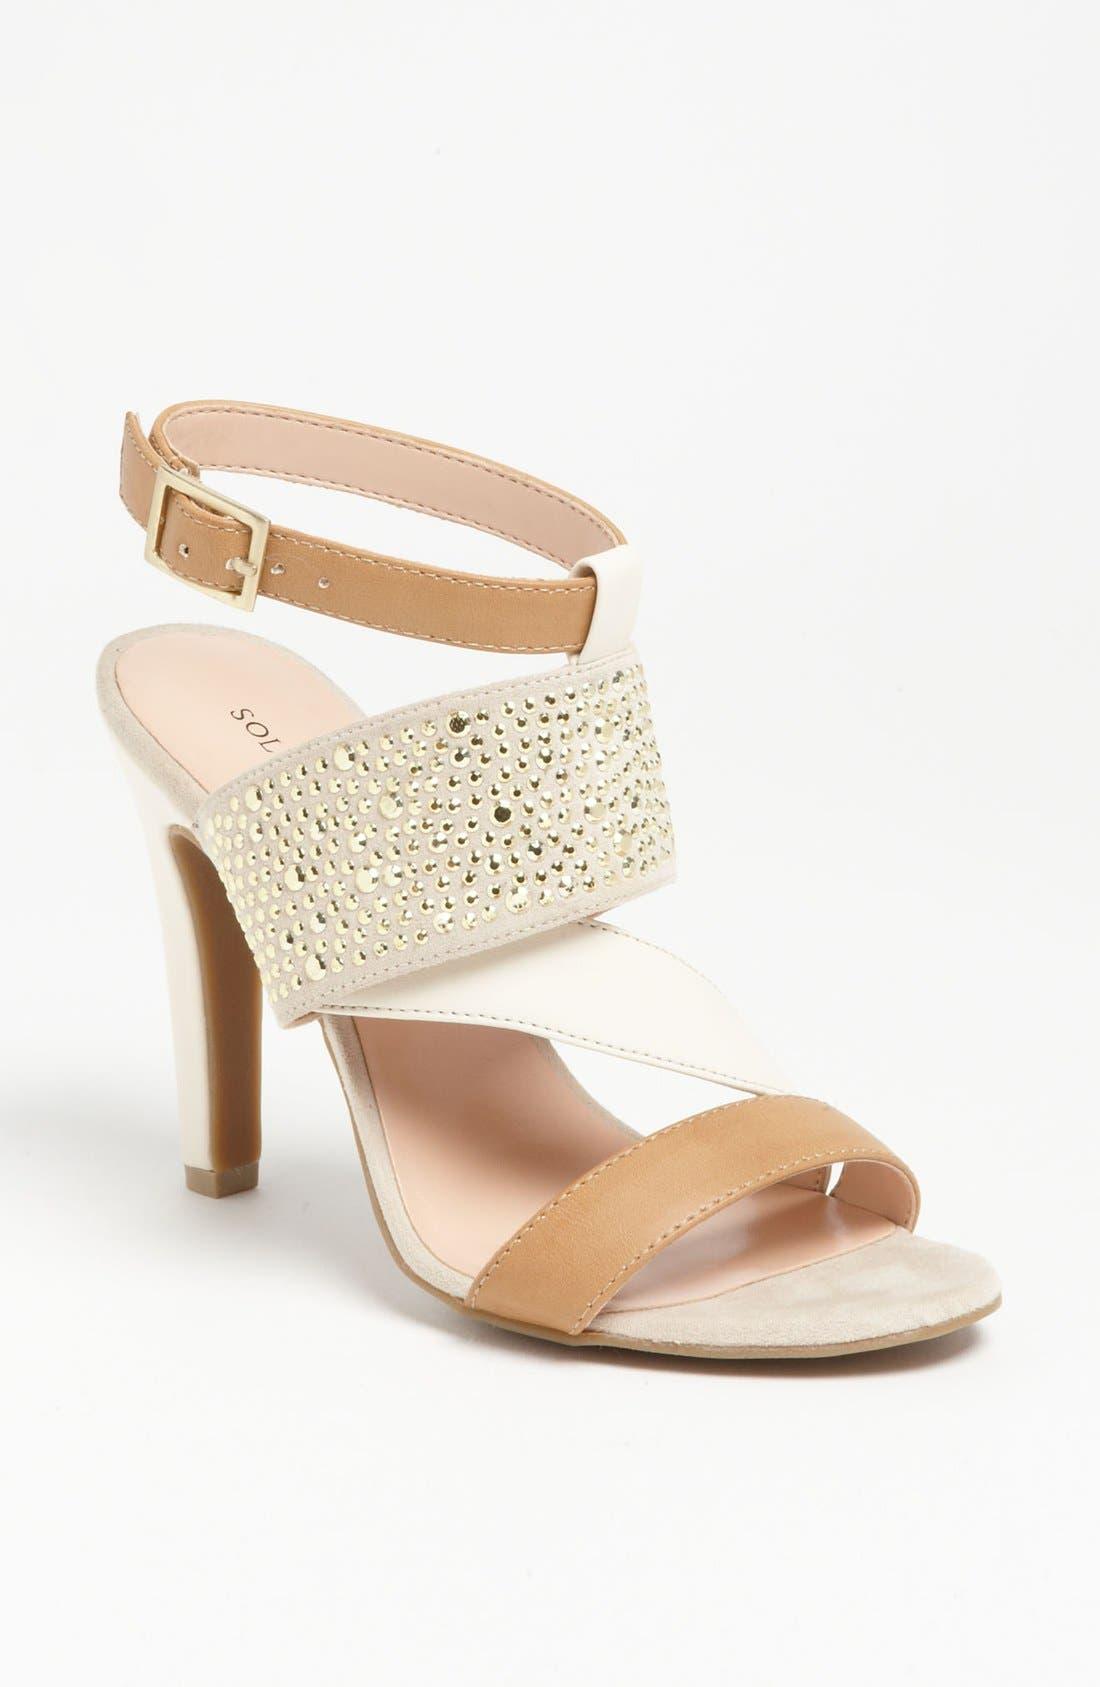 Alternate Image 1 Selected - Sole Society 'Savannah' Sandal
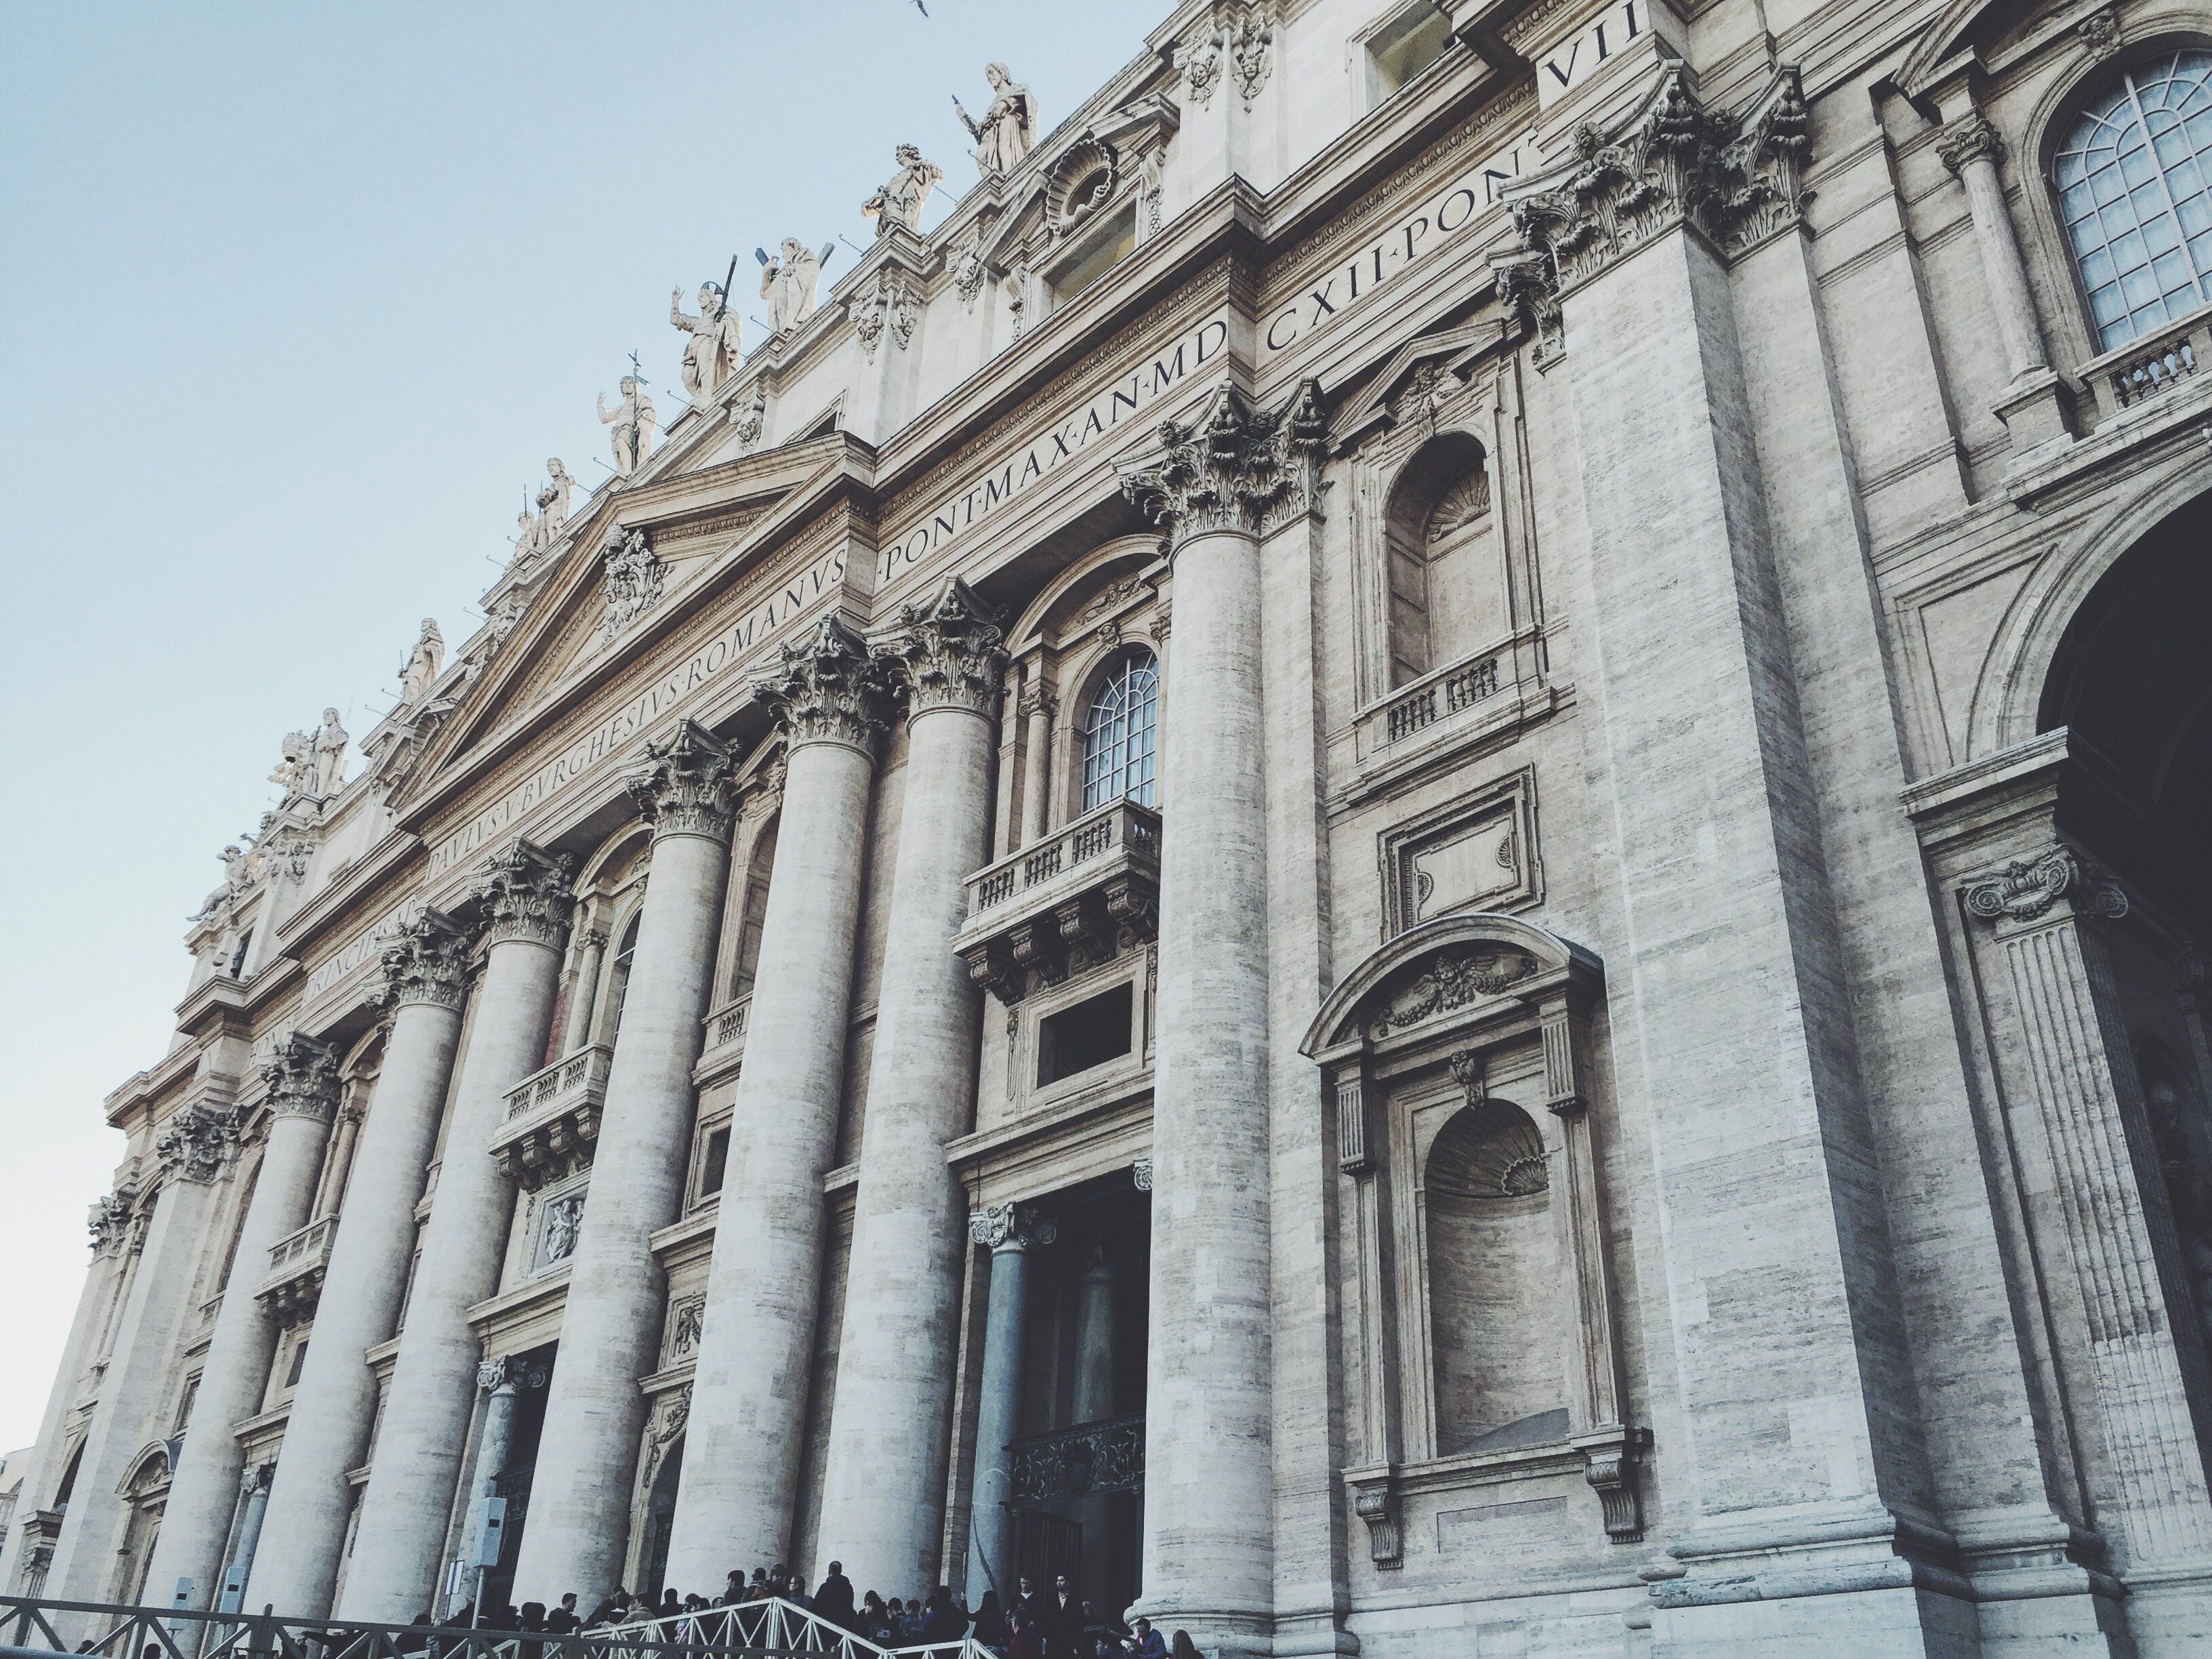 Kostenloses Stock Foto zu architektur, basilika, gebäude, monument
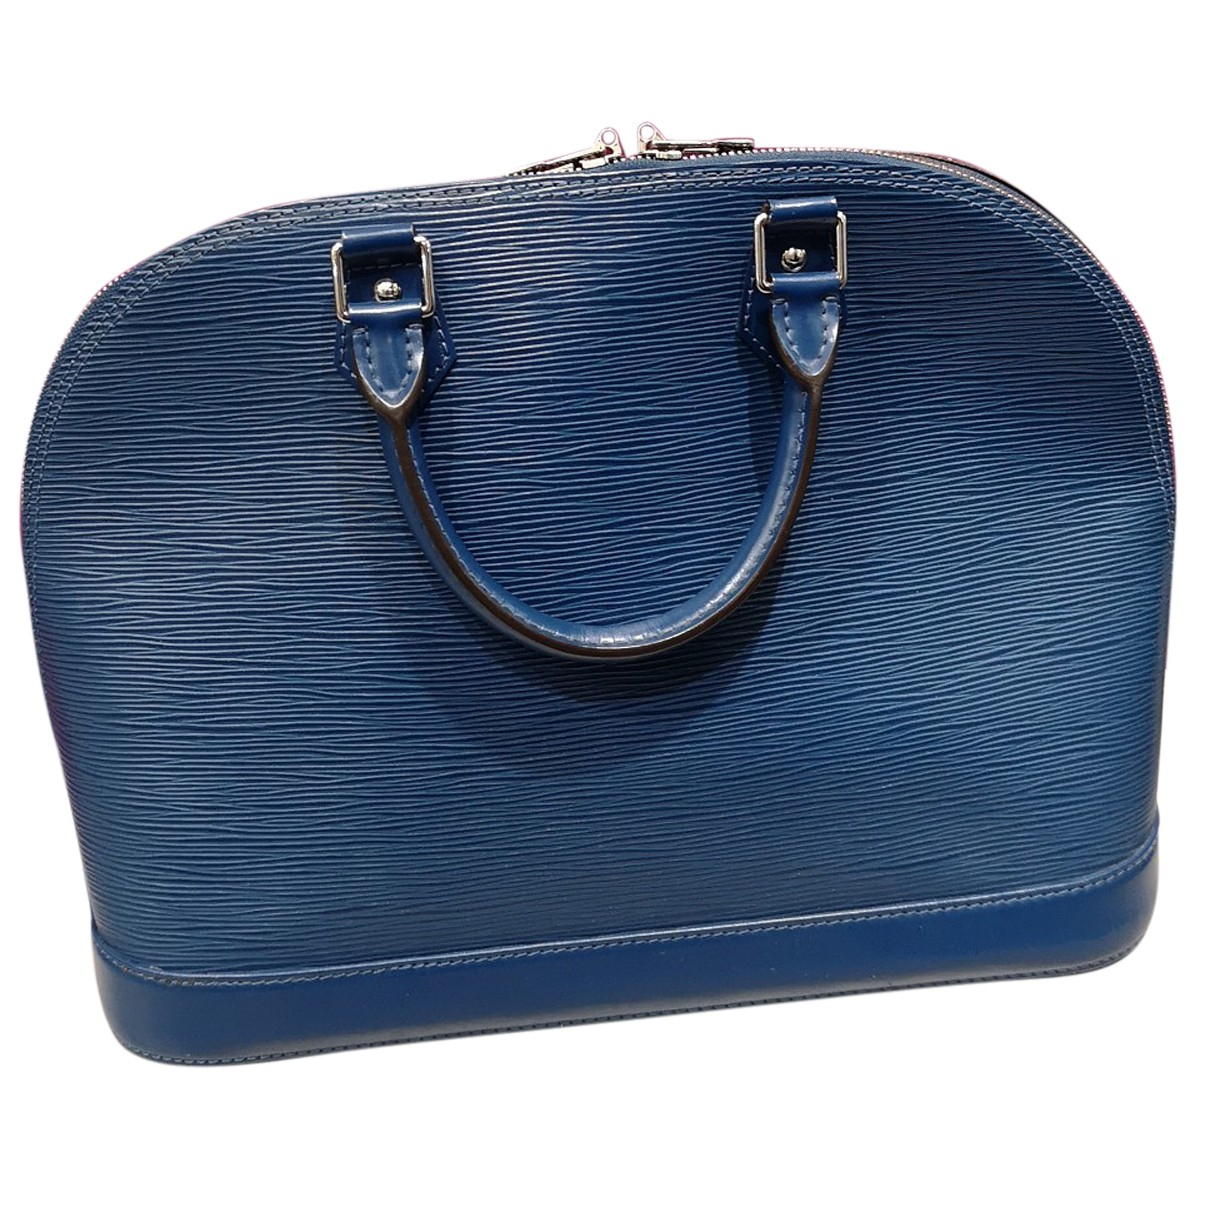 Louis Vuitton - Sac a main Alma pour femme en cuir - bleu

Problem statement —
From the first line to the last, repeat the material exactly, but drop the pictures.

Exercise output —
 Alternate Image 1 Selected - Sole Society 'Savannah' Sandal
 Kostenloses Stock Foto zu architektur, basilika, gebäude, monument
 Louis Vuitton - Sac a main Alma pour femme en cuir - bleu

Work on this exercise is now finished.